On July 26, 2011, James announced his retirement from professional football. He had amassed 12,246 rushing yards (11th all-time at the time of his last game in 2009) and 80 rushing touchdowns (15th).

===Colts franchise records===
- Most career rushing yards (9,226)
- Best career rushing yards per game average: 96.1
- Most seasons with 1,000 rushing yards (5)

==Career statistics==

===NFL===

Legend
|  | Led the league |
| Bold | Career high |

| Year | Team | Games |  | Rushing |  |  |  |  | Receiving |  |  |  |  |
| GP | GS | Att | Yds | Avg | Lng | TD | Rec | Yds | Avg | Lng | TD |
| 1999 | IND | 16 | 16 | 369 | 1,553 | 4.2 | 72 | 13 | 62 | 586 | 9.5 | 54 | 4 |
| 2000 | IND | 16 | 16 | 387 | 1,709 | 4.4 | 30 | 13 | 63 | 594 | 9.4 | 60 | 5 |
| 2001 | IND | 6 | 6 | 151 | 662 | 4.4 | 29 | 3 | 24 | 193 | 8.0 | 27 | 0 |
| 2002 | IND | 14 | 14 | 277 | 989 | 3.6 | 20 | 2 | 61 | 354 | 5.8 | 23 | 1 |
| 2003 | IND | 13 | 13 | 310 | 1,259 | 4.1 | 43 | 11 | 51 | 292 | 5.7 | 17 | 0 |
| 2004 | IND | 16 | 16 | 334 | 1,548 | 4.6 | 40 | 9 | 51 | 483 | 9.5 | 56 | 0 |
| 2005 | IND | 15 | 15 | 360 | 1,506 | 4.2 | 33 | 13 | 44 | 337 | 7.7 | 20 | 1 |
| 2006 | ARI | 16 | 16 | 337 | 1,159 | 3.4 | 18 | 6 | 38 | 217 | 5.7 | 14 | 0 |
| 2007 | ARI | 16 | 16 | 324 | 1,222 | 3.8 | 27 | 7 | 24 | 204 | 8.5 | 26 | 0 |
| 2008 | ARI | 13 | 7 | 133 | 514 | 3.9 | 35 | 3 | 12 | 85 | 7.1 | 16 | 0 |
| 2009 | SEA | 7 | 0 | 46 | 125 | 2.7 | 10 | 0 | 3 | 19 | 6.3 | 7 | 0 |
| Career |  | 148 | 135 | 3,028 | 12,246 | 4.0 | 72 | 80 | 433 | 3,364 | 7.8 | 60 | 11 |

===College===

| Season | Team | GP | Rushing |  |  |  | Receiving |  |  |  |
| Att | Yds | Avg | TD | Rec | Yds | Avg | TD |
| 1996 | Miami | 7 | 71 | 446 | 6.3 | 2 | 6 | 90 | 15.0 | 0 |
| 1997 | Miami | 10 | 184 | 1,098 | 6.0 | 13 | 19 | 250 | 13.2 | 1 |
| 1998 | Miami | 11 | 242 | 1,416 | 5.9 | 17 | 17 | 255 | 15.0 | 2 |
| Career |  | 28 | 497 | 2,960 | 6.0 | 32 | 42 | 595 | 14.2 | 3 |

==Personal life==
James resides in Miami, Florida.
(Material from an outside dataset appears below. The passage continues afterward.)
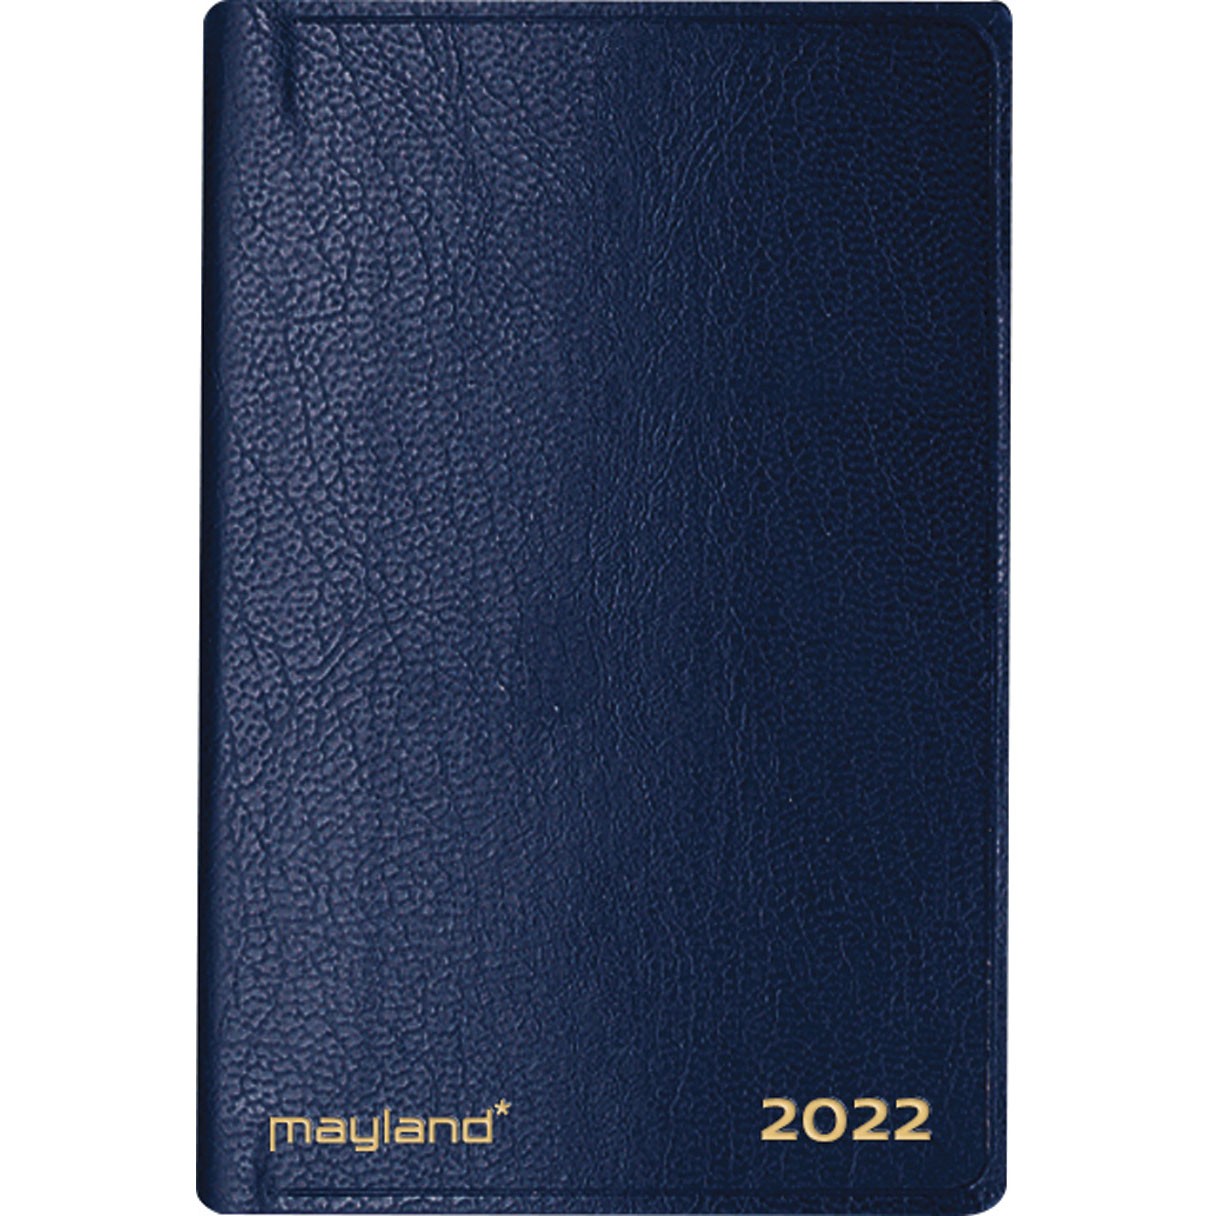 Mayland 2022 22162000 lommeugekalender 12x7,5cm blå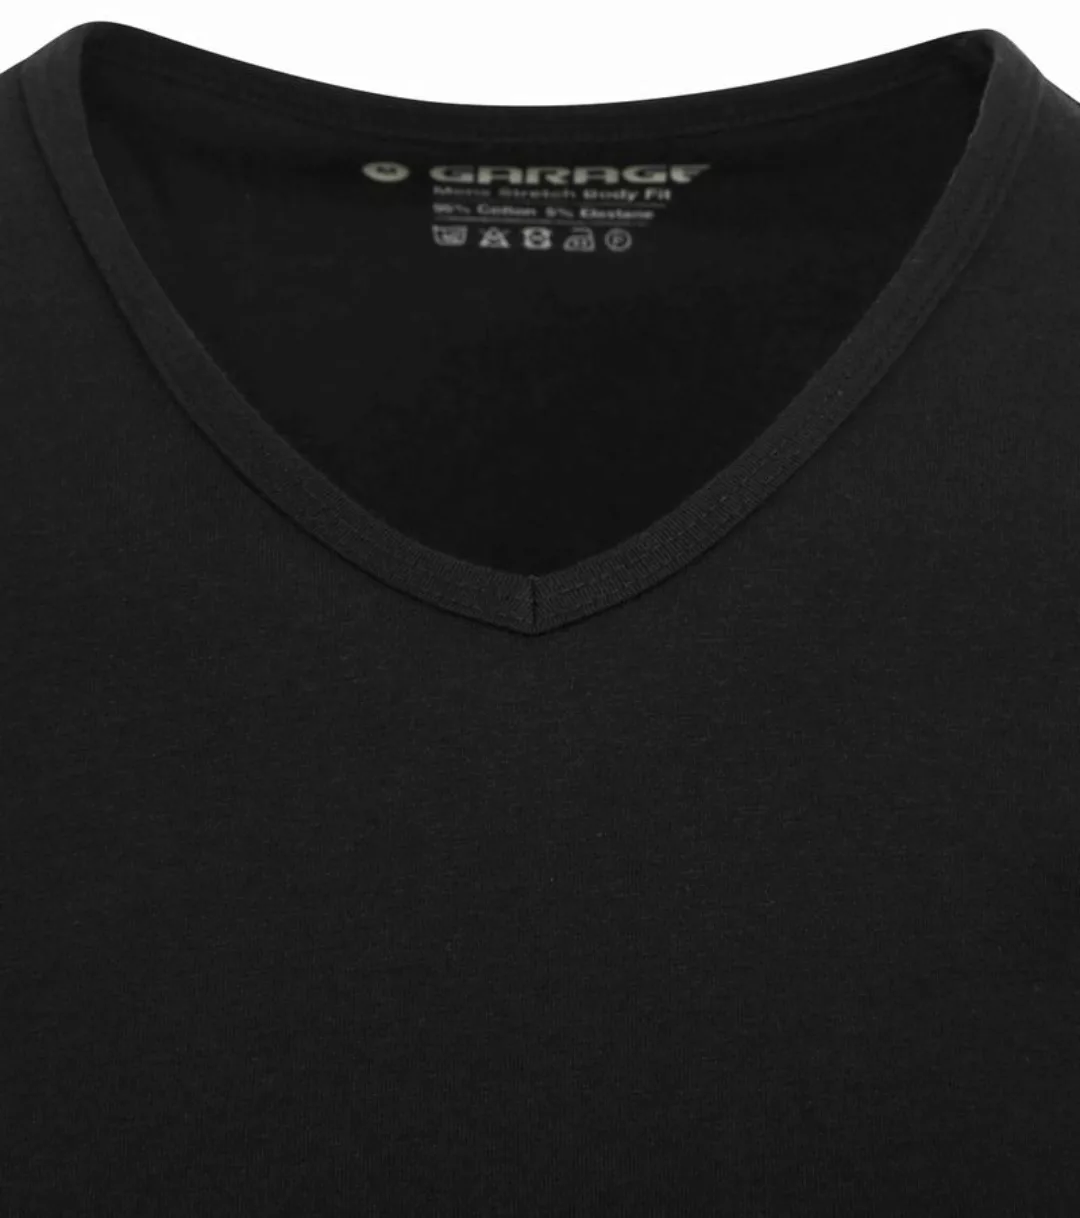 Garage Stretch Basic T-Shirt Schwarz V-Ausschnitt - Größe S günstig online kaufen

He has six children, four of them with his long-time girlfriend Andia Wilson:
- Qui James has a bachelor's degree from Howard University and a juris doctor from the University of the District of Columbia.
- Eyahna James is an R&B singer who goes by the stage name Eyahna J.
- Edgerrin "Jizzle" James Jr. is on the basketball team at UNC Charlotte.
- Euro James.
Andia Wilson died in 2009 from leukemia at the age of 30. Her death led to James's retirement from the NFL, so he could focusing on raising his children. James's other children are:
- Eden James, a running back for Howard.
- Emani James, who attends North Carolina A&T.

Edgerrin James is the second cousin of LA Chargers safety Derwin James.